Refleksi seperti ini penting, bukan hanya untuk kehidupan pribadi, tetapi juga bagi kondisi kolektif umat Islam secara keseluruhan. Karena sebagaimana kita sebagai individu memiliki tugas untuk memperbaiki diri, begitu pula umat ini memiliki tanggung jawab besar untuk bangkit dari keterpurukan yang telah berlangsung terlalu lama.
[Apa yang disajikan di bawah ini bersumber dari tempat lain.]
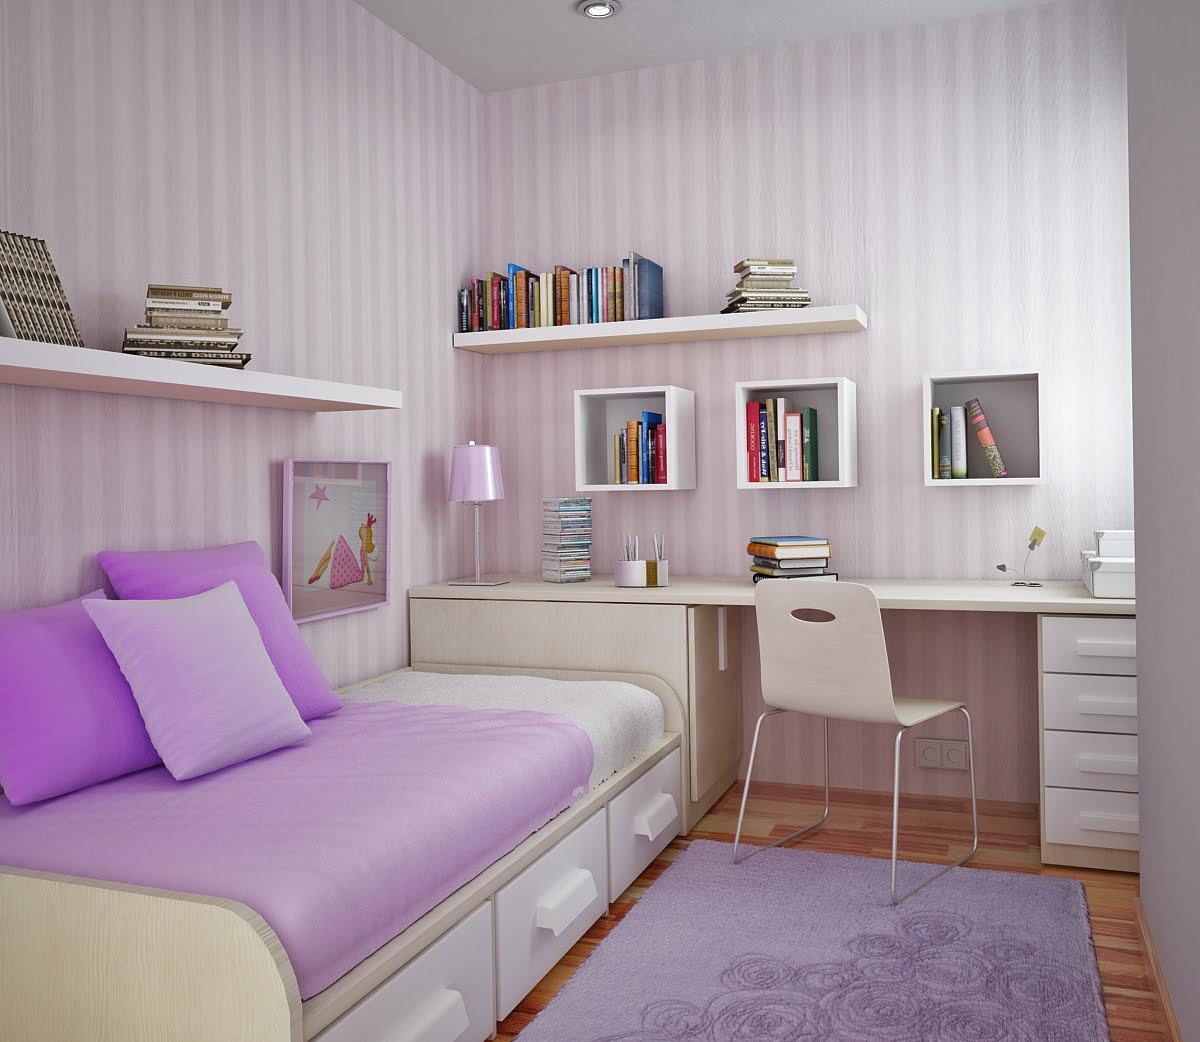 Trendy Bedroom Decorating Ideas
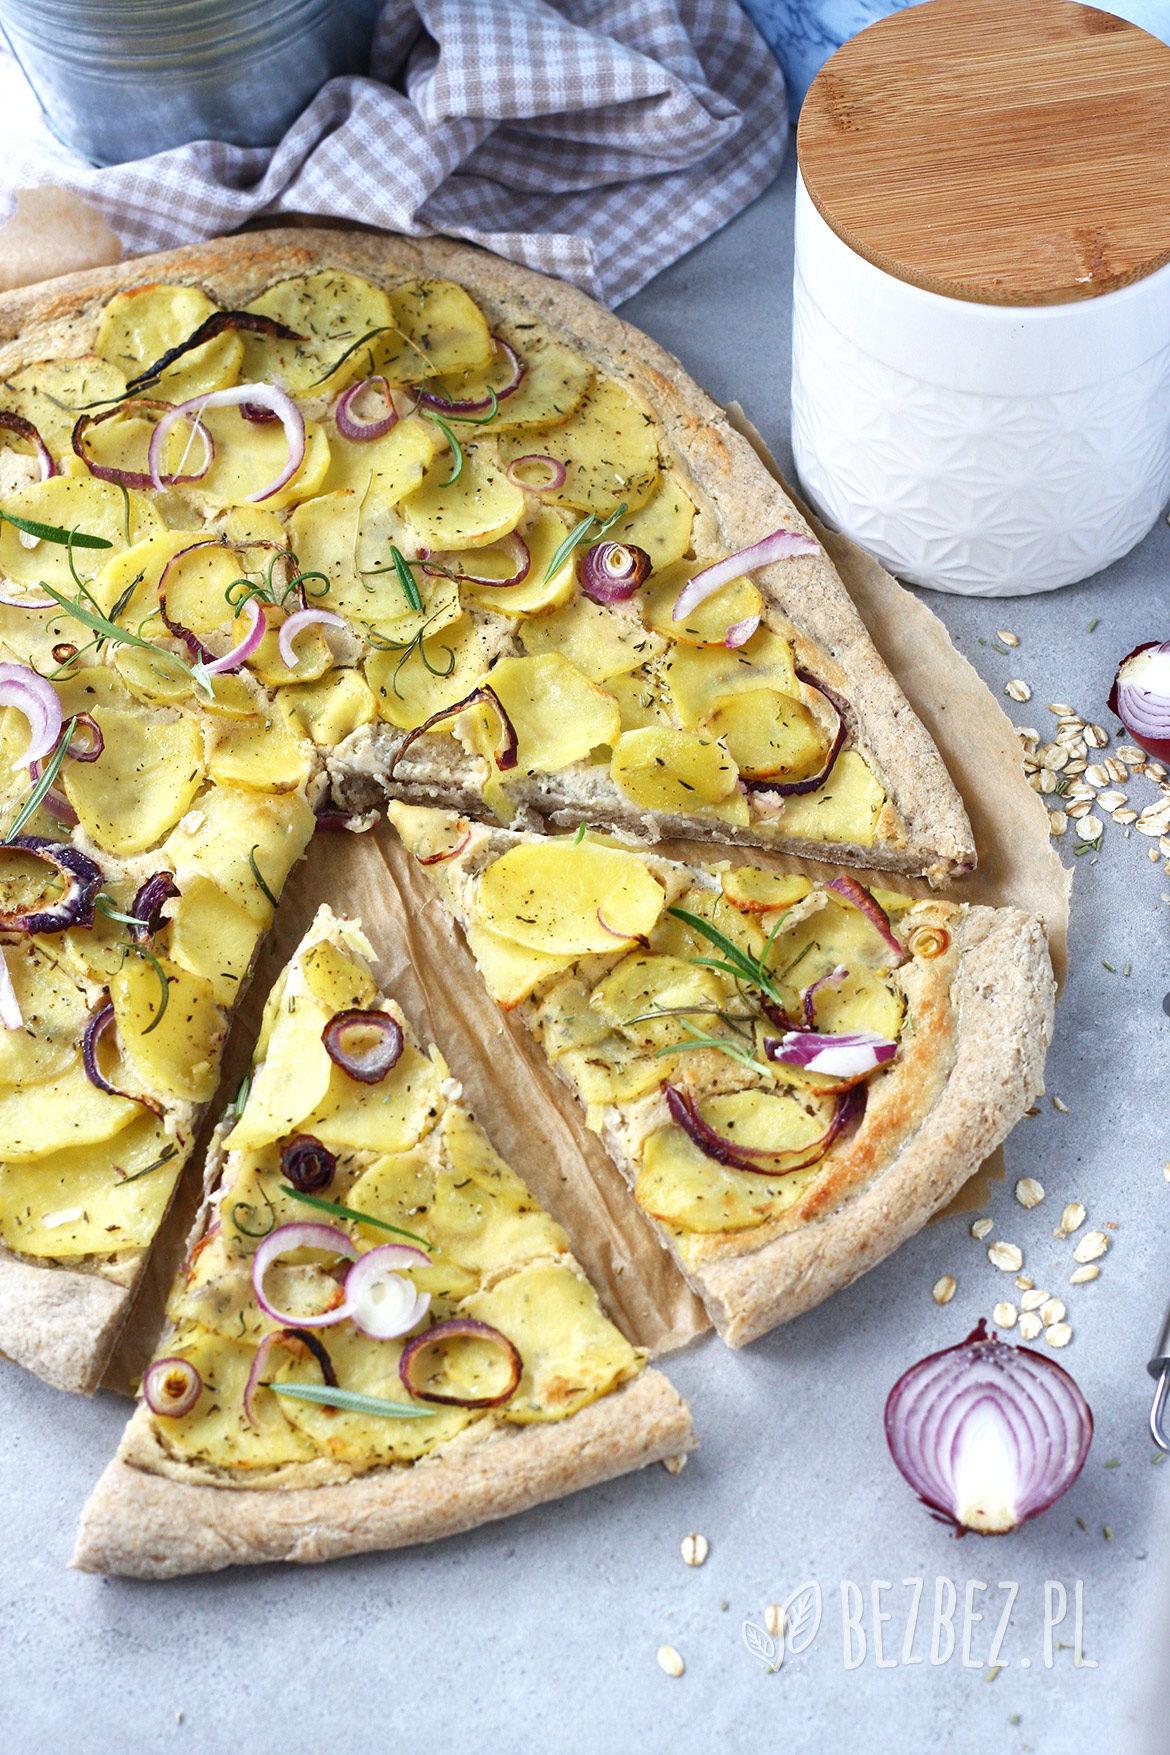 Bezglutenowa pizza z ziemniakami i białym sosem z nerkowców (wegańska)

Tahun Baru Islam dan Keutamaan Muharram
Tahun Baru Islam 1447 H akan jatuh pada hari Jumat, 27 Juni 2025. Bulan Muharram adalah salah satu bulan suci yang disebut dalam Al-Qur’an dan memiliki banyak keutamaan. Rasulullah ﷺ menyebutnya sebagai "syahrullah" atau bulan Allah. Di dalamnya terdapat kesempatan besar untuk memperbanyak amal, terutama melalui puasa sunnah pada hari Tasua (9 Muharram) dan Asyura (10 Muharram).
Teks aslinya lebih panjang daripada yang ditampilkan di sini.